Like every evening, Auntie would check her over, and if anything was messy or askew, she would deny Gigi her dinner or make her sleep with the soldier who had bad breath.
She knew she had to run through the halls, past the tall cobwebby windows, without looking back, even if a parade of sad, womanly ghosts with eyes just like hers was chasing her down, even though Gigi wanted to ask a hundred questions, even though she was breathless with confusion and fear and panic.
She ran on the old, worn carpet, her steps a beat slower than her pounding heart.
it was then that Gigi’s stories grew quieter, darker, as if they were emerging from hidden corners of Nam Koo, where they had been nursing their old hurts and feelings in secret.
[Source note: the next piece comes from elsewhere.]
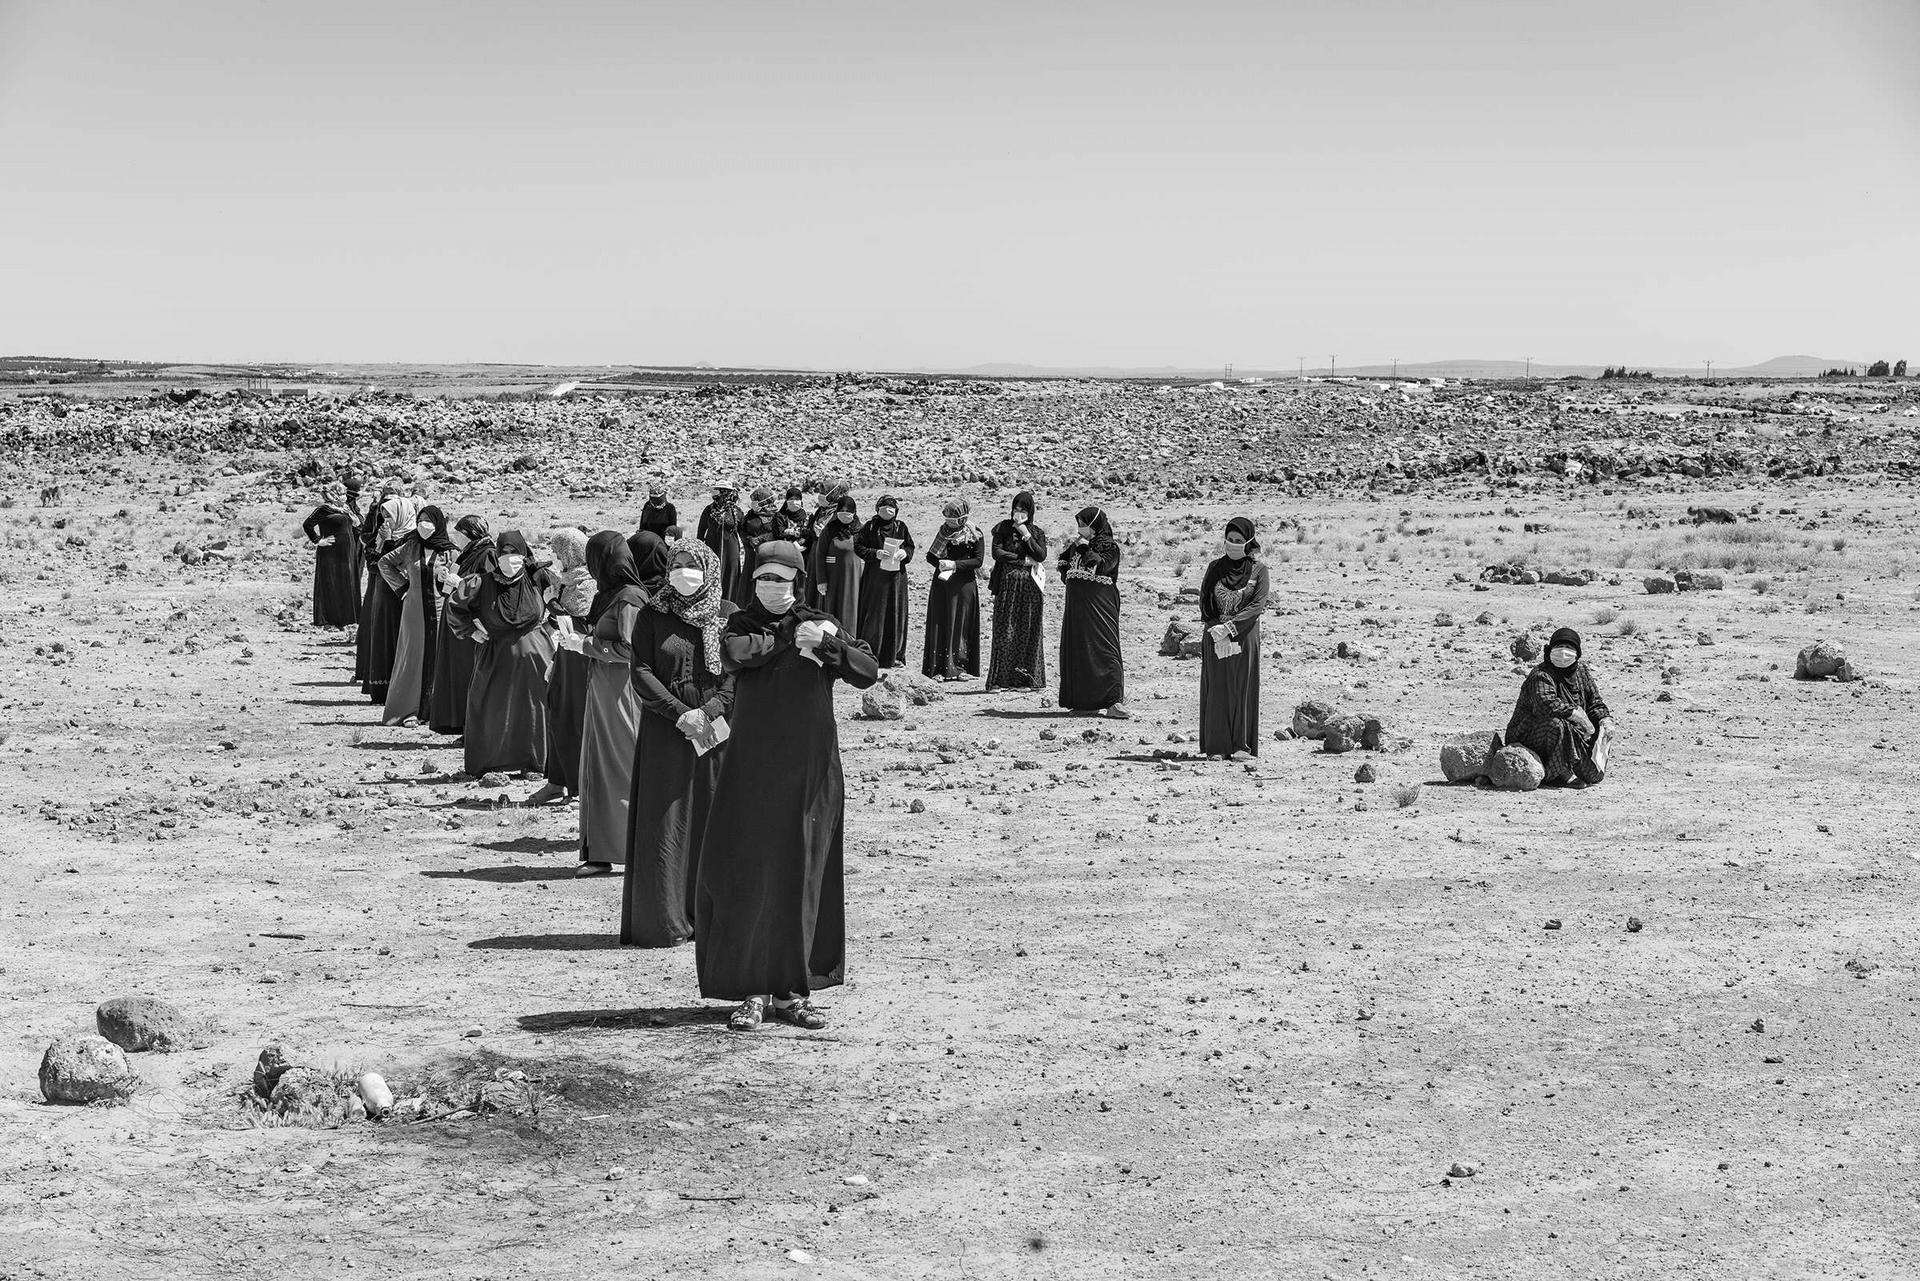 敘利亞難民婦女在沙漠中保持適當距離排隊,等待領取聯合國兒童基金會的捐贈物資,包括衛生用品和其他必需品。她們和家人住在麥夫拉格郊外的帳篷營地;數十萬其他難民住在特殊營地或是都市社區。在那些較為擁擠的區域,保持社交距離是遙不可及的奢侈。攝影:摩伊西斯.薩曼 MOISES SAMAN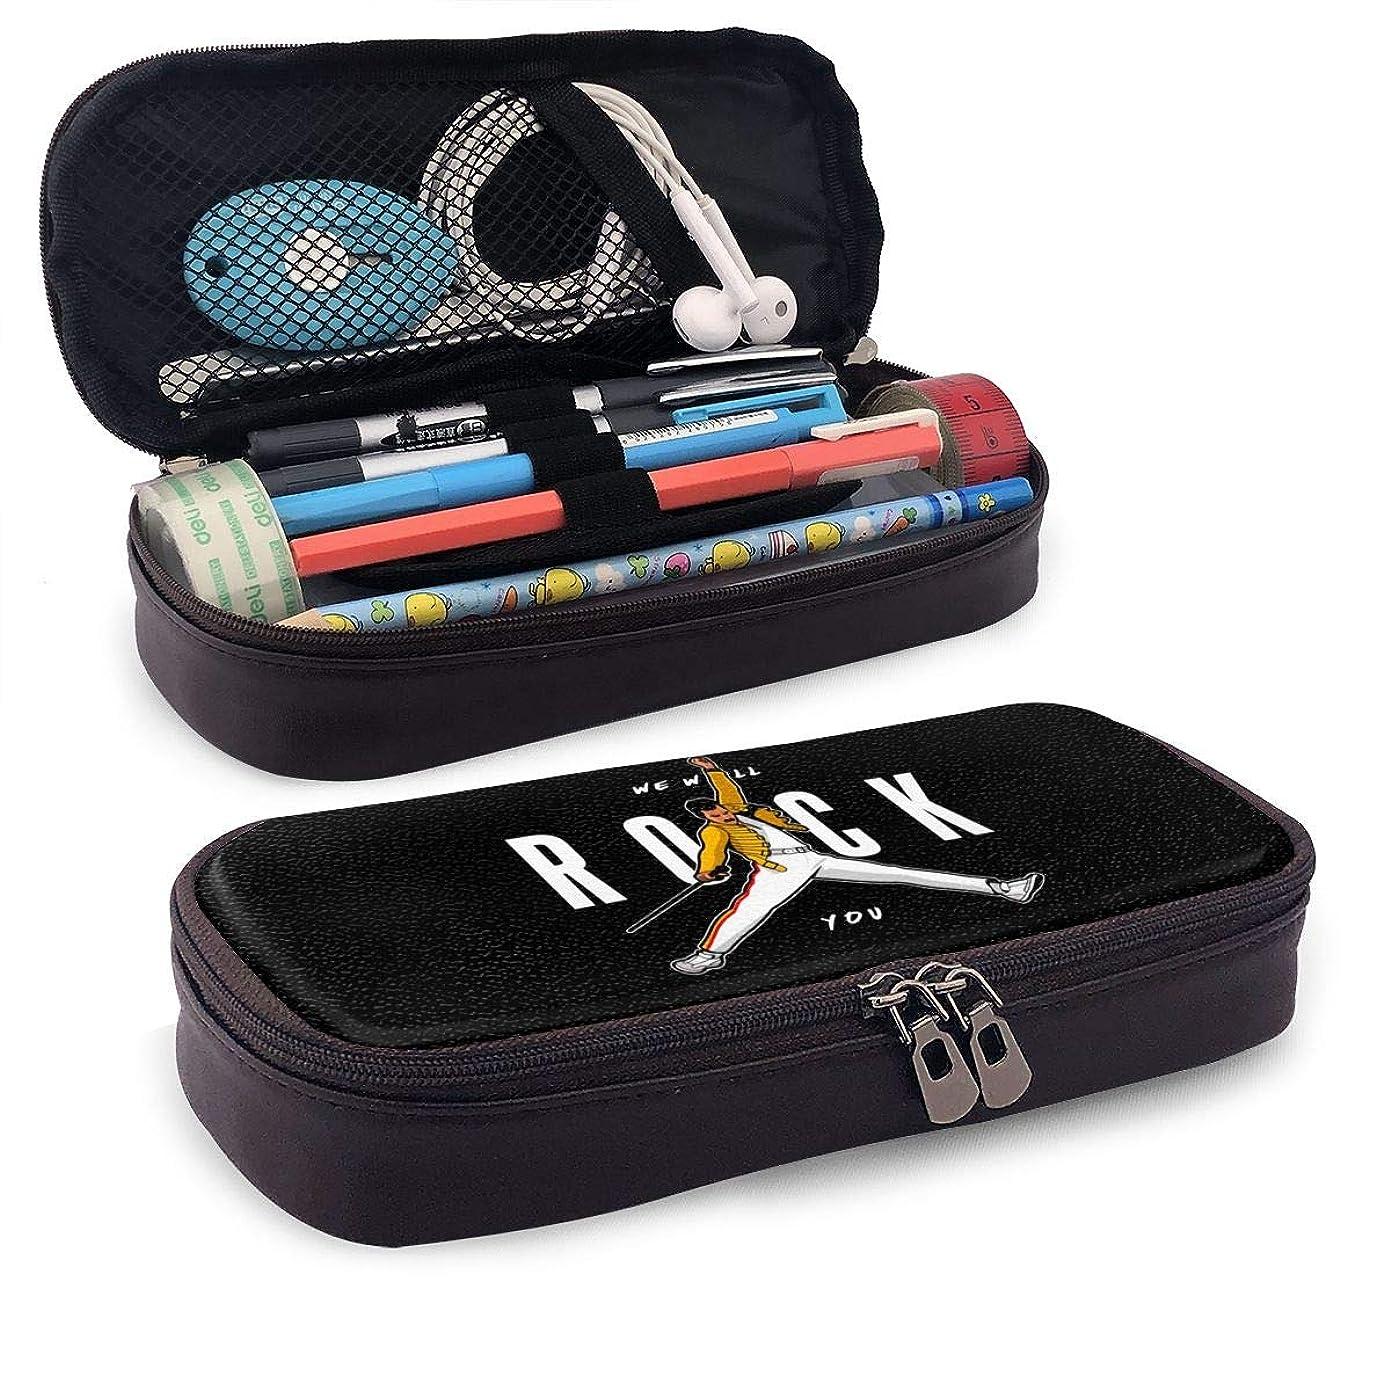 ようこそ終わり実際Queen Band 革筆箱筆箱マイクロファイバーPU防水文具大容量文房具バッグ化粧品バッグ財布ファッションギフト

In the mornings, when the girls were supposed to be resting, they instead gathered in Gigi’s room, some lying on the bed, others sitting on the floor, their skirts pulled up around their knees, and listened to her stories.
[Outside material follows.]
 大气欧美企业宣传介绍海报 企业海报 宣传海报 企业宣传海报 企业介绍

“The silk merchant had a mistress,” she began.
“ Of course , he did,” shouted Xuan, and the other girls burst into giggles.
Gigi frowned at the disruption but then continued.
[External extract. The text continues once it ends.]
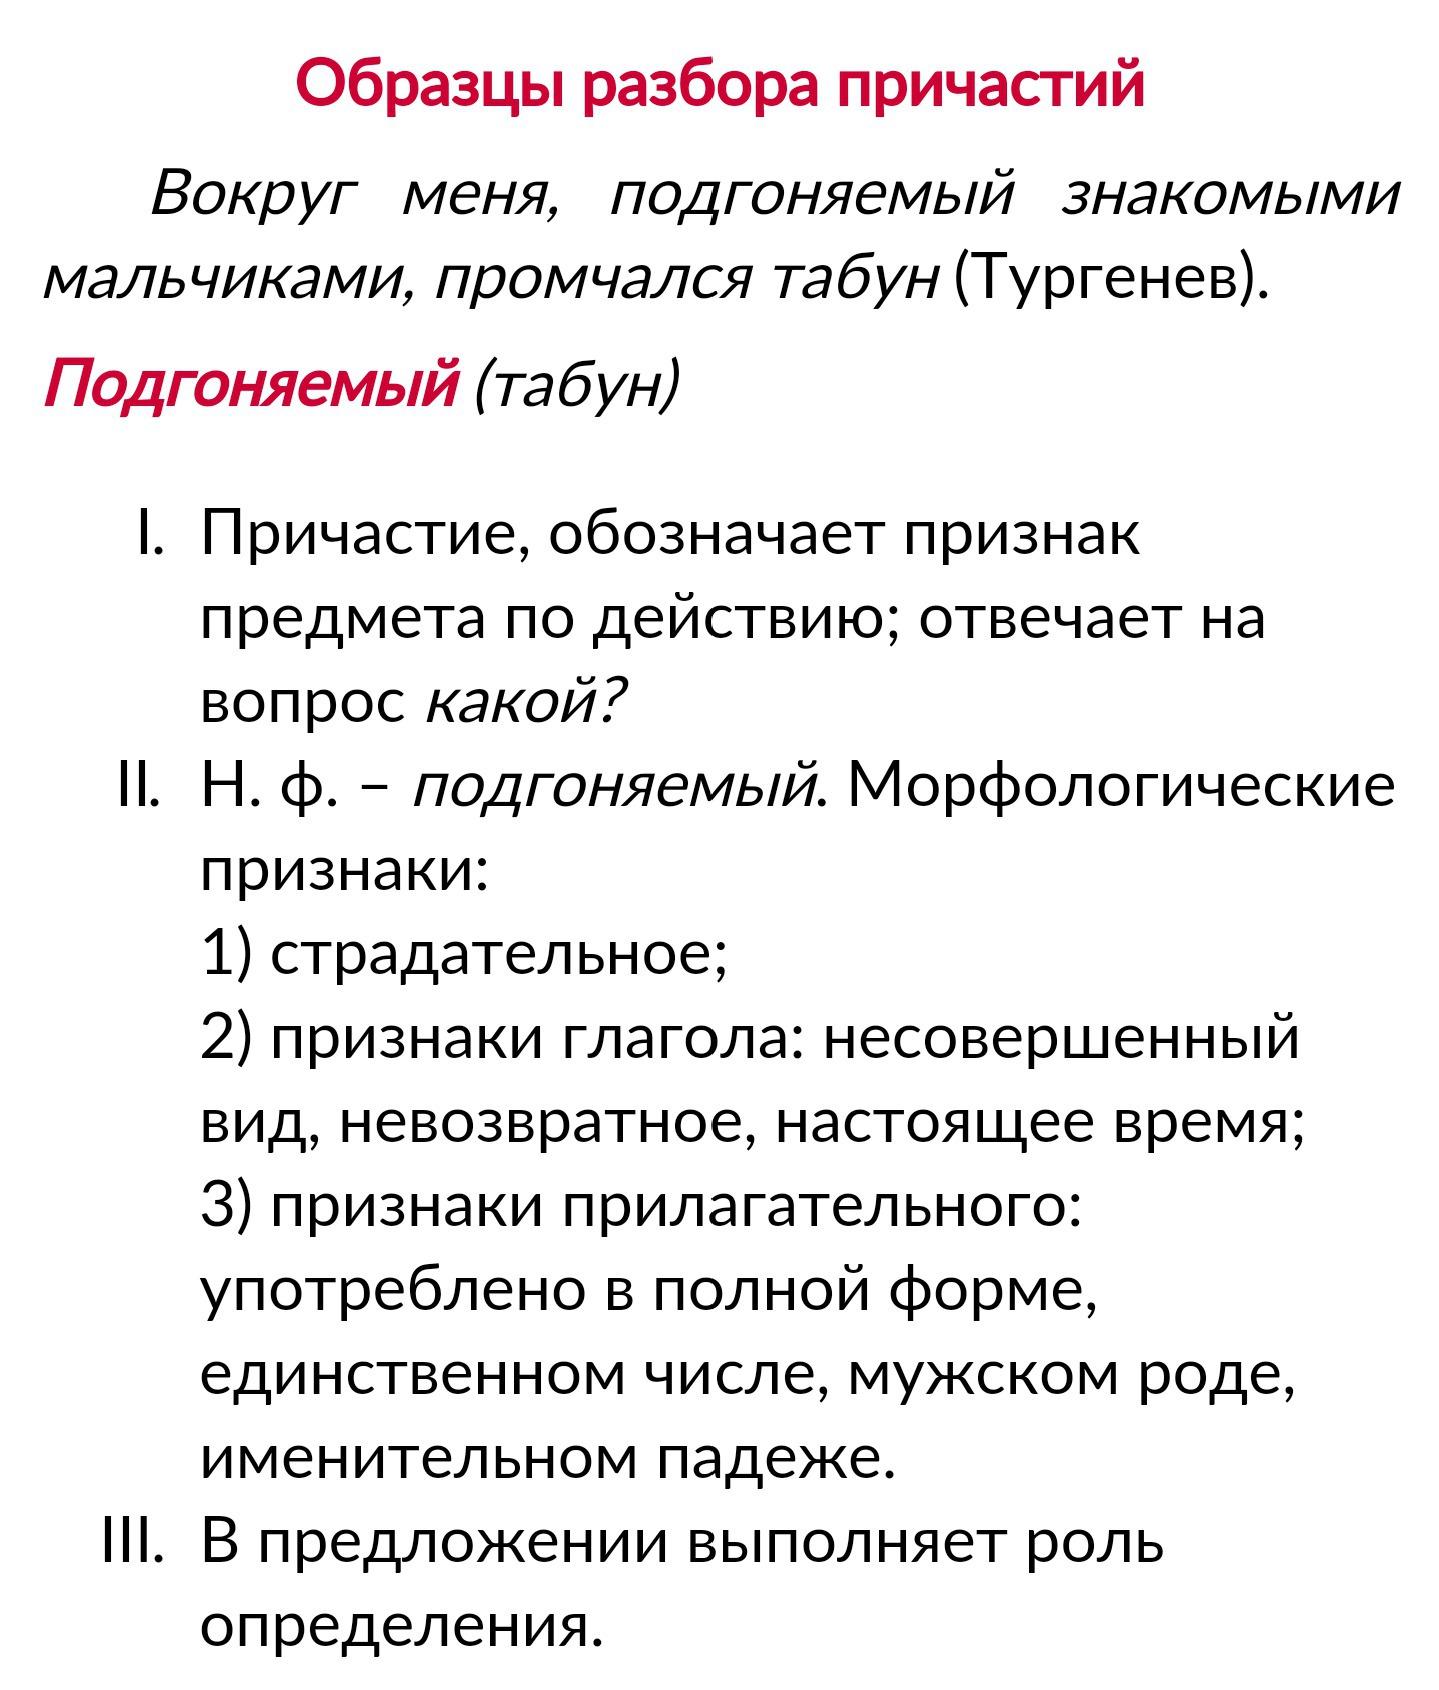 банки новокузнецка кредитные карты

“He built her a wondrous bedroom, full of hand-embroidered sheets and dresses that were all the colours of ice cream—baby pink, barely orange, the softest yellow you could ever imagine. But she was a beautiful and dangerous woman, with bright pink lips and the blackest, shiniest hair. She only wanted to wear the most saturated reds and the highest of high-heeled shoes. And the silk merchant was so in love with her that he commissioned one hundred seamstresses to make a fearsome red cape stitched with a golden dragon, a fire-breathing dragon.”
The youngest girl, Mina, knitted her eyebrows together. “Why do the most interesting and powerful women become mistresses? Why are they never wives instead?”
“Because a man can’t live every day with a woman more powerful than him. His ego would shrink and die!” Xuan cackled at her own joke. “So they marry meek little mice and just fuck the women they really want on the side.”
Gigi sighed. “Do you want me to finish the story or not?”
“Have a sense of humour, Gigi. Fine, go on with your story .”
“Whenever the rest of the house was asleep, the mistress put on her red cape and walked the long hallways, careful to stay away from the wing where the silk merchant, his wife, and their children slept. The servants knew about her—after all, they had to clean her room and fix her meals—so she didn’t care if they saw her marching down the halls, her red cape trailing behind her.
Every night, though, she got closer and closer to the forbidden wing, where the merchant’s family was tucked into their beds, unaware of the dragon lady stalking the halls.
“Then one night, the mistress stopped in front of the bedroom the merchant shared with his wife. None of the servants had stopped her, even though the merchant had told them time and again that she was to be kept away from his family. He wasn’t a good master, quite the opposite really, cheap on wages and mean when something didn’t go his way.
And so, the servants watched the mistress as she inched closer and closer, and they whispered from their hiding spots when she stood outside that door, her long red nails on the knob. ”
Mina gasped. “Did she go in?”
“She did, and the servants heard nothing, not a voice, not a struggle, not any movement at all. In the morning, the mistress was gone and the family acted as if nothing had happened. The maids thought they had imagined it all, except the mistress’s bedroom was still there, still full of dresses and silks. But no one slept in it ever again.
“Years later, though, one of the gardeners was in the farthest corner of the property, where a tree needed to be pruned. When he climbed it, he found an owl’s nest and it was made of red silk, cut into ribbons. He left it where it was, and that was the last anyone ever saw of the Dragon Mistress.”
The girls applauded, although Mina was wiping away tears. Xuan put an arm around her shoulders. “Why are you crying?”
“It’s so easy to disappear if you are a certain kind of woman,” Mina whispered.
And no one replied, because what she said was so very true, it hurt to think of it.